Правда, читал он много. Как-то библиотекарша даже усомнилась: «Вы что, товарищ Кирьянов, книги просто перелистываете?» И ей отрезал: «Во всяком случае страниц не рву». И еще купаться любил, но все больше в одиночку норовил. (Плавает, между прочим, как рыба.)
Ему и прозвище подходящее дали, раком-отшельником стали называть… Да, забыл сказать: мы ведь приехали на Черное море, в школу младших морских специалистов.
— И как же Кирьянов учился?
— Вполне свободно мог учиться на «отлично»: как- никак педучилище окончил. А он еле-еле тянул на тройки. Ему, дескать, век моряком не быть. Особенно туго подвигалась у него морская практика. К примеру, на занятиях плетут маты — ковры или дорожки из пеньковых тросов. Наука вовсе не хитрая, у всех получается хорошо, — у Кирьянова же не коврик, а не поймешь что! Да еще пререкается: «Я, мол, продажей ковров промышлять в будущем не собираюсь». В наказание наряд ему вне очереди: картошку на камбузе чистить; у него и тут готов ответ: «Лучше картошка, чем маты!» И почему-то особенно вдолбил он себе в голову, будто ему вовек не постичь, как управлять парусами. (А ведь тоже не так уж хитро.) «Я, говорит, в жизни и без парусов обойдусь». Меня из терпения вывести трудно, но тут, знаете ли, я просто кипел: «Погоди, думаю, обломаю твой упрямый характерец, не я буду, если ты не станешь на паруса молиться». Кричать на Кирьянова я не кричал, но на учениях под парусами всегда ставил его на самое тяжелое место.

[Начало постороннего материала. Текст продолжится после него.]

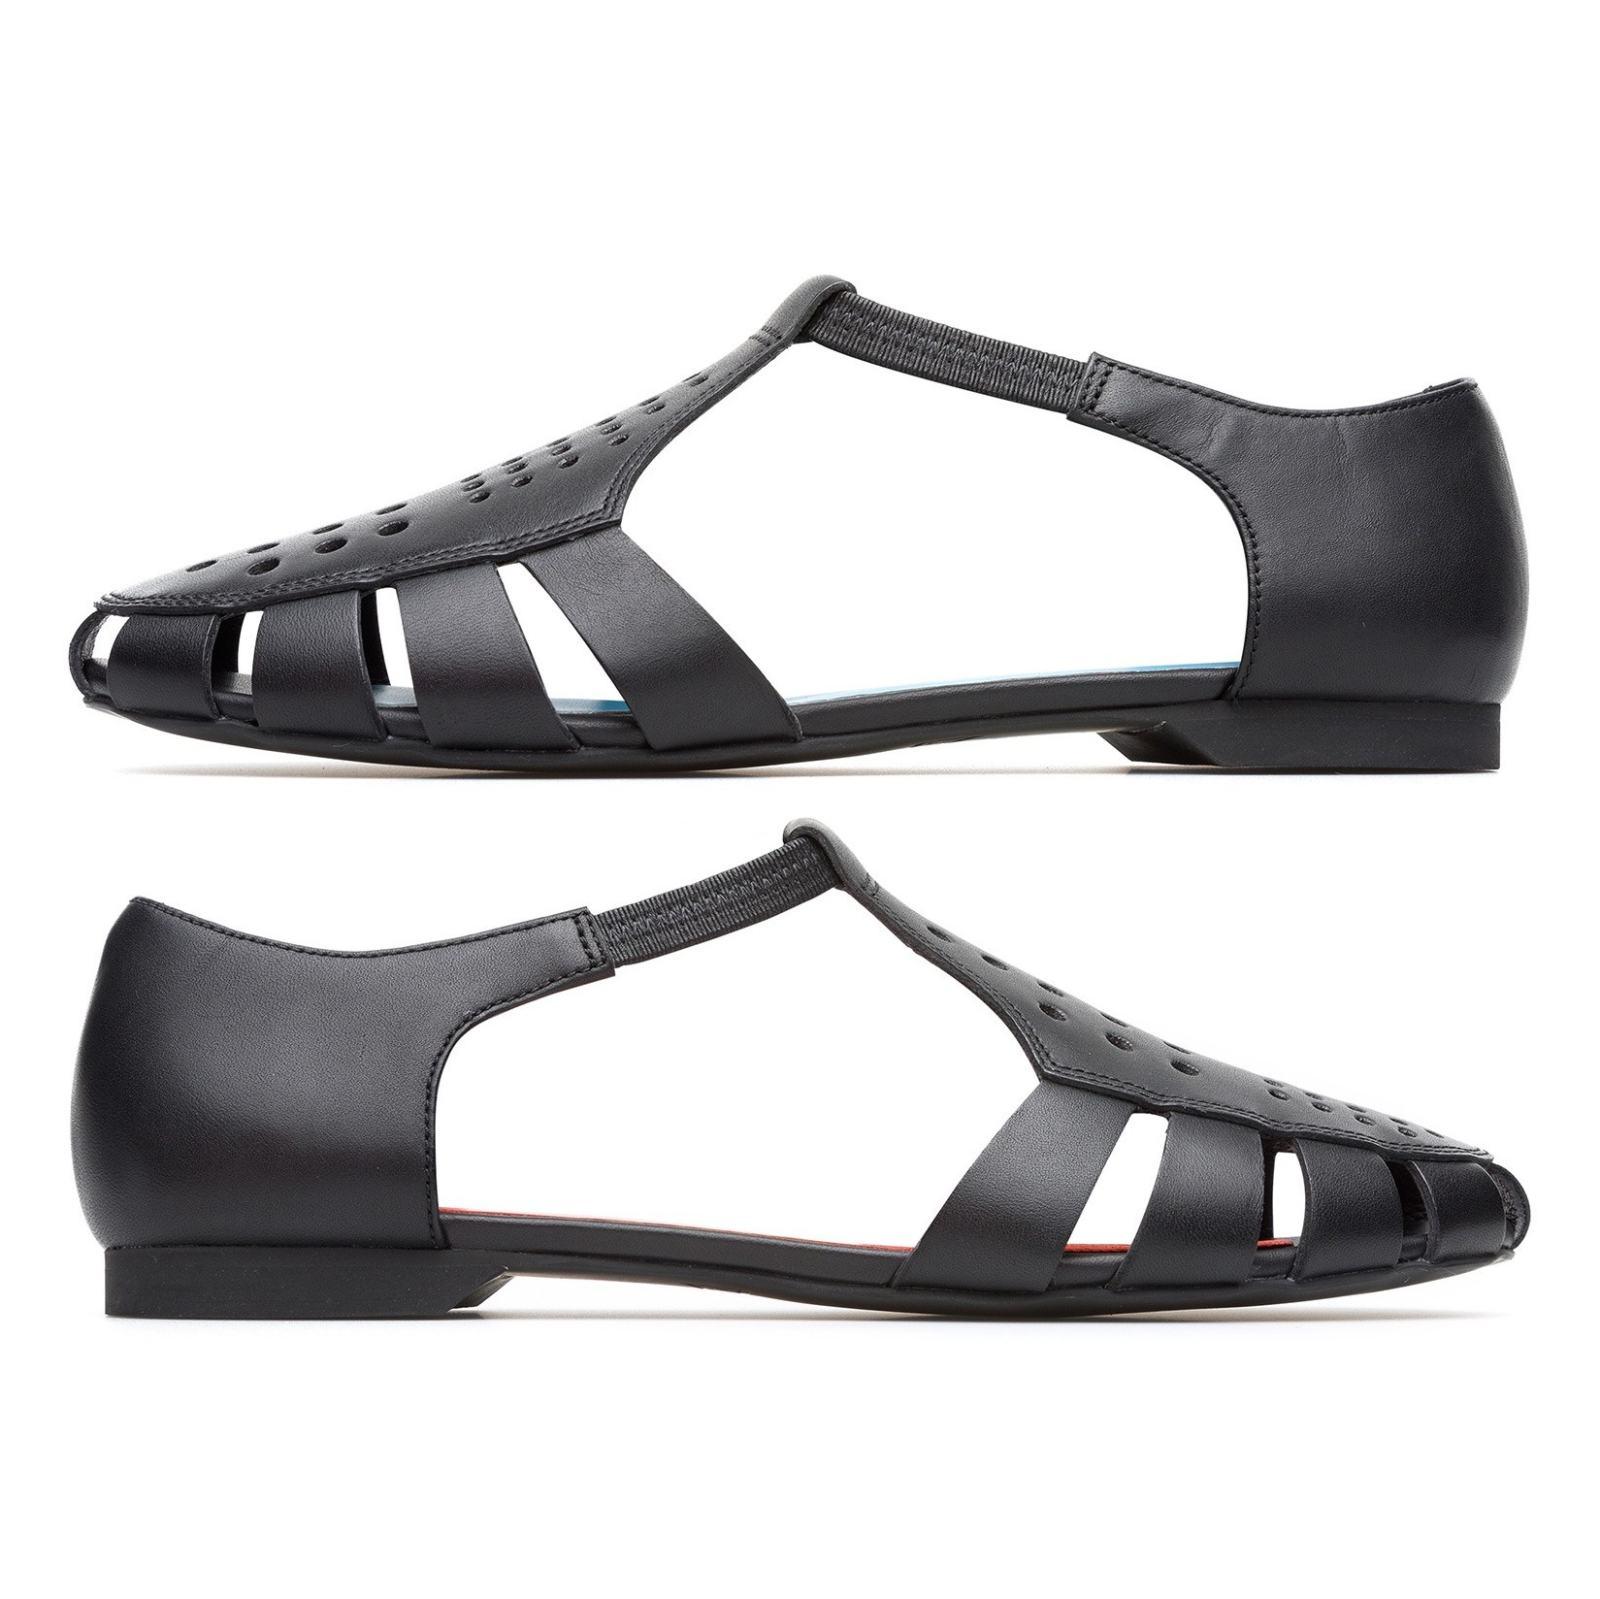 کفش چرم تخت زنانه Servolux - کمپر - مشکي - 3

Справедливости ради надо сказать, что кое в чем Алексей и преуспевал. Ну, прежде всего, в том же плавании и особенно в гимнастике: на брусьях и на кольцах прямо-таки чудеса делал. Однако наотрез отказался выступить в соревнованиях с соседней воинской частью. Вся школа возмутилась. Оправдывается: «На народе у меня ничего не получится». Отговорка, конечно. За пренебрежение к коллективу комсомольцы хотели влепить ему выговор. И влепили бы, да случилось так, что он неожиданно для всех героем стал.